## Using Python to Perform Extract-Transform-Load (ETL Processing)
Modern Data Warehousing and Analytics solutions frequently use languages like Python or Scala to extract data from numerous sources, including relational database management systems, NoSQL database systems, real-time streaming endpoints and Data Lakes.  These languages can then be used to perform many types of transformation before then loading the data into a variety of destinations including file systems and data warehouses. This data can then be consumed by data scientists or business analysts.

In this lab you will recreate the **Northwind_DW** dimensional database from Lab 2; however, you'll take an entirely different approach. Instead of extracting, transforming and loading the date entirely on the database system entirely using SQL data definition language (DDL) and data manipulation language (DML) statements, here you will learn to interact with the RDBMS from a remote client running Python.
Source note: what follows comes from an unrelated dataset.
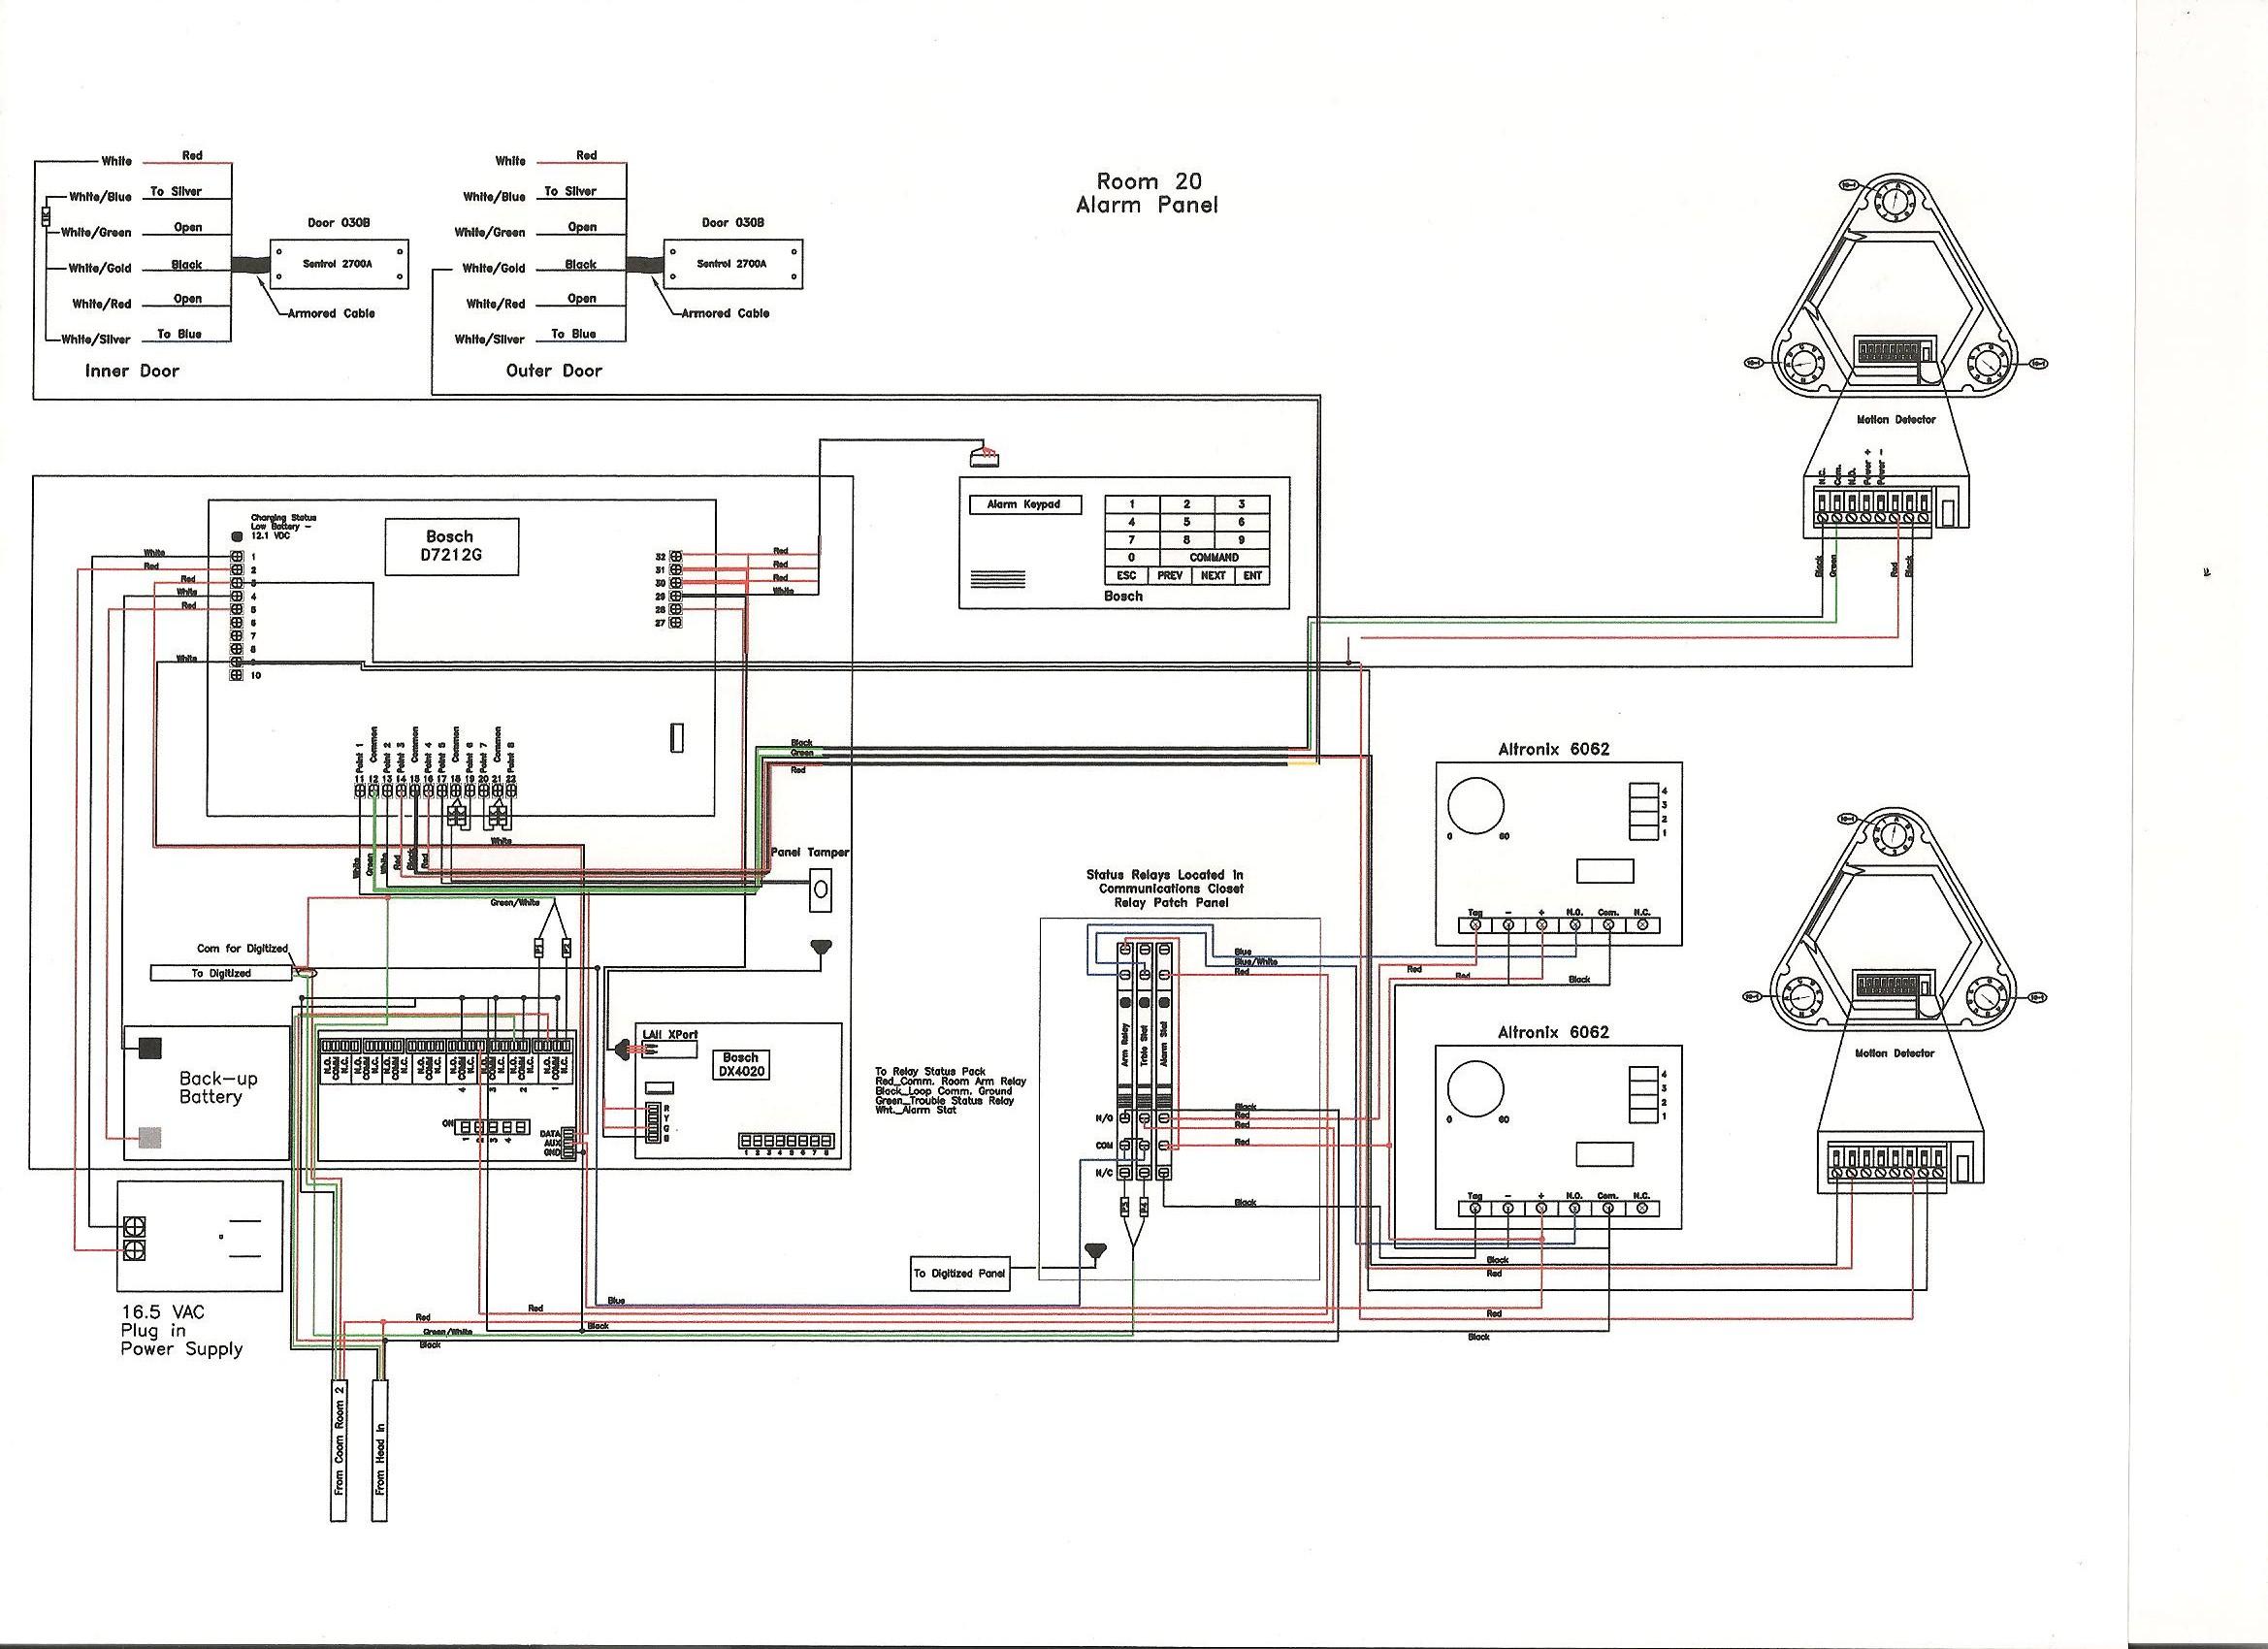 sample circuit diagram sample image wiring diagram sample wiring schematic mazda cx 7 radio wiring diagram on sample circuit diagram

You will learn to fetch data into Pandas DataFrames, perform all the necessary transformations in-memory on the client, and then push the newly transformed DataFrame back to the RDBMS using a Pandas function that will create the table and fill it with data with a single operation.

### Prerequisites:
#### Import the Necessary Libraries

In [1]:
import os
import numpy
import pandas as pd
from sqlalchemy import create_engine

In [2]:
#### Declare & Assign Connection Variables for the MySQL Server & Databases with which You'll be Working 

In [3]:
host_name = "localhost"
host_ip = "127.0.0.1"
port = "3306"
user_id = "root"
pwd = "Passw0rd123"

src_dbname = "sakila"
dst_dbname = "sakila_dw"

#### Define Functions for Getting Data From and Setting Data Into Databases

In [4]:
def get_dataframe(user_id, pwd, host_name, db_name, sql_query):
    conn_str = f"mysql+pymysql://{user_id}:{pwd}@{host_name}/{db_name}"
    sqlEngine = create_engine(conn_str, pool_recycle=3600)
    connection = sqlEngine.connect()
    dframe = pd.read_sql(sql_query, connection);
    connection.close()
    
    return dframe


def set_dataframe(user_id, pwd, host_name, db_name, df, table_name, pk_column, db_operation):
    conn_str = f"mysql+pymysql://{user_id}:{pwd}@{host_name}/{db_name}"
    sqlEngine = create_engine(conn_str, pool_recycle=3600)
    connection = sqlEngine.connect()
    
    if db_operation == "insert":
        df.to_sql(table_name, con=connection, index=False, if_exists='replace')
        sqlEngine.execute(f"ALTER TABLE {table_name} ADD PRIMARY KEY ({pk_column});")
            
    elif db_operation == "update":
        df.to_sql(table_name, con=connection, index=False, if_exists='append')
    
    connection.close()

In [5]:
#### Create the New Data Warehouse database, and to Use it, Switch the Connection Context.
#Clearly, you won't get very far without having a database to work with. Here we demonstrate how we can *drop* a database if it already exists, and then *create* the new **northwind_dw2** database and *use* it as the target of all subsequent operations.

In [6]:
conn_str = f"mysql+pymysql://{user_id}:{pwd}@{host_name}"
sqlEngine = create_engine(conn_str, pool_recycle=3600)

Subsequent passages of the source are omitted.